The type of patient-important outcomes most frequently reported among the cross-sectional and case series studies were neurological, neurocognitive and neuropsychiatric impairments (n = 33 studies, 50.8%) [21, 22, 24, 27, 30–33, 38–40, 43, 45, 53–55, 59–61, 67, 68, 77, 78, 81, 83–89, 91, 98], followed by overweight (n = 11, 16.9%) [23, 26, 40, 56, 68, 71–73, 76, 80, 89, 97], patient adherence to clinical recommendations (n = 10, 15.4%) [7, 22, 33, 62, 66, 67, 70, 79, 82, 83, 87], executive function deficit (n = 6, 92.3%) [21, 24, 58–61], socioeconomic impact (n = 7, 10.8%) [7, 29, 30, 54, 59, 68, 83, 86], skin problems (n = 4, 6.2%) [54, 55, 68, 96], osteopenia (n = 5, 7.7%) [17–19, 23, 27, 68, 78], followed by impact of PKU on caregiver health-related quality of life, quality of life and sleeping disorders (n = 2, 3.1%) [30, 59, 67, 86]. The majority of the cross-sectional, case series, and case report studies (83.1%, n = 64) reported only on patient-important outcomes at an individual level (Table 1).

Among the 12 case report studies, the majority (83.3%, n = 10) assessed neurological, neurocognitive and neuropsychiatric impairments [44, 48, 63, 64, 74, 90, 92–94], executive function deficit [34, 44, 64, 90, 92], skin problems [43, 48, 63, 64], and patient adherence to clinical recommendations [23, 25, 61]. Six case report studies [48, 51, 64, 69, 92, 94] evaluated other outcomes such as vomiting [48, 64, 94], weight-height deficit [64], abdominal distention [68], persistent respiratory acidosis [68], gastroesophageal reflux [94], bronchitis [94], megaloblastic anemia [69], and maternal phenylketonuria [51] (Table 1).

Additional file 2: Table 2 describes the 15 studies evaluating other patient-important or economic burden outcomes than those pre-specified for this review; all of these, except for three studies [15, 46, 47, 49], reported that patients received a Phe-restricted diet and/or a Phe-free amino acid fortified medical food. Six studies out of 15 did not report whether patients were receiving treatment [15, 25, 46, 47, 52, 65].
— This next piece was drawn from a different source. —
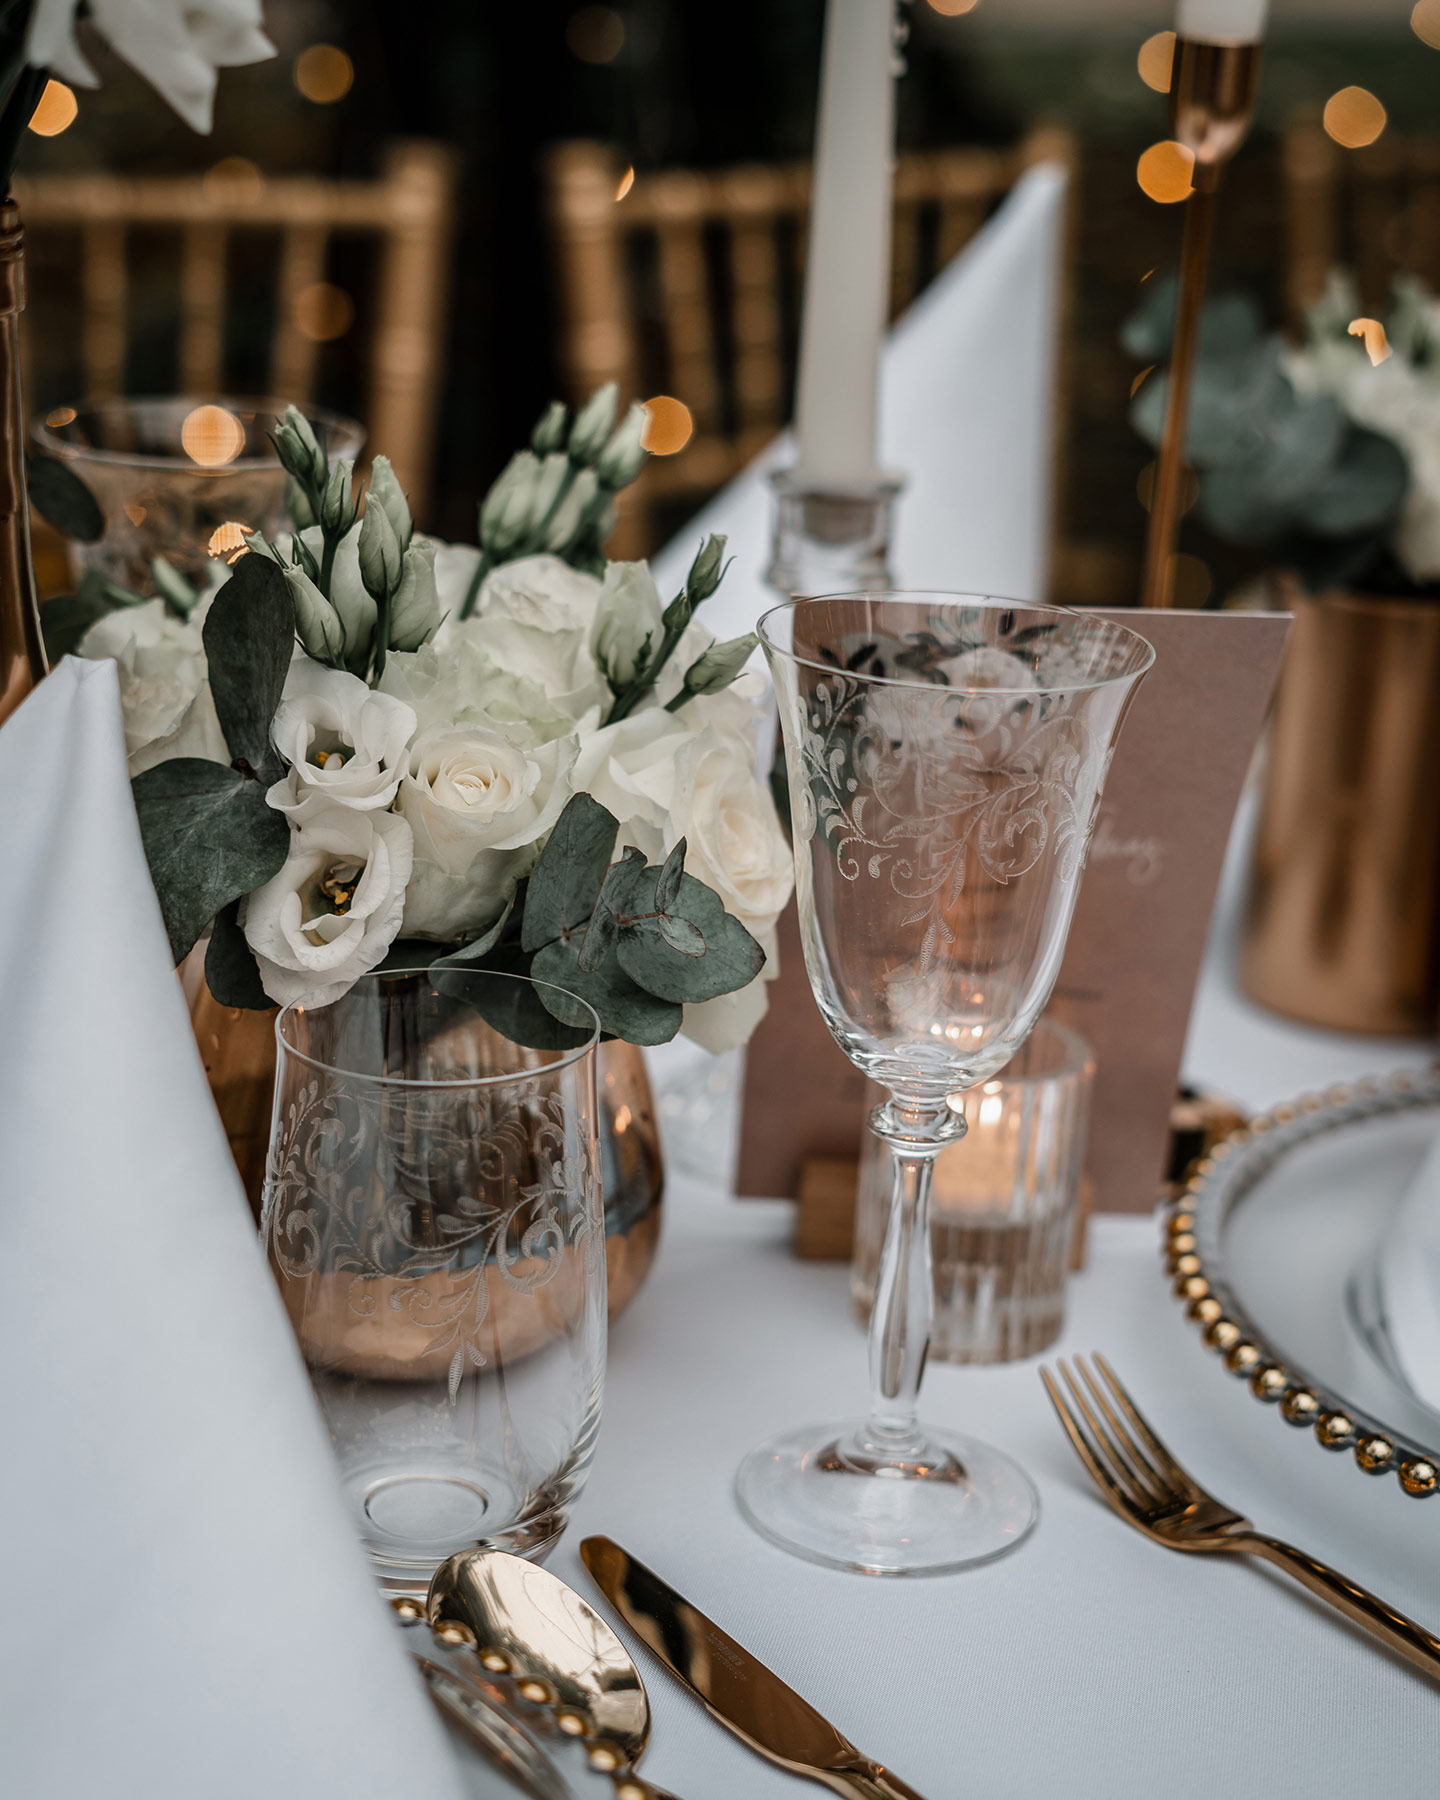 Der Hochzeitstisch wird in Detailaufnahme gezeigt: die durchsichtigen großen Teller mit Goldrand, goldenes Besteck und die Roségoldenen Vasen mit weißen Rosen und grünen Blättern geben ein schönes Bild ab. Die Papeterie passt ebenfalls zum Konzept.

Additional file 3: Table 3 provides additional details around the specific pre-specified patient-important or economic burden outcomes reported among the 12 case report studies. Five out of the 12 studies reported psychosocial outcomes (ie, severe mental retardation and autism, irritability, aggressiveness and intellectual deterioration) [44, 48, 64, 74, 90]; four on physical outcomes (ie, psychomotor retardation) [44, 64, 74, 90]; one study reported on other outcomes (ie, maternal phenylketonuria) [51]; and two studies reported socioeconomic results (ie, delay in school performance, poor socialization, and withdrawal from formal schooling) [64, 74].

Risk of bias assesment

Figure 2 and Additional files 4 and 5: Tables 4 and 5 describe the risk of bias assessment. Overall, the included studies presented a low risk of bias in the majority of the domains. In the cross-sectional studies (Fig. 2, panel A), at least one of the following domains of sample size, statistical significance, statistics methods, or demographic data were rated as “high risk of bias” in five studies (12.8%) [7, 38, 39, 43, 96]. In the case series studies (Fig. 2, panel B), three domains (ie, clear description of both patient’s history and post-intervention clinical condition, and description of a takeaway lesson) were rated as “high risk of bias” in three studies (25.0%) [32, 58, 86].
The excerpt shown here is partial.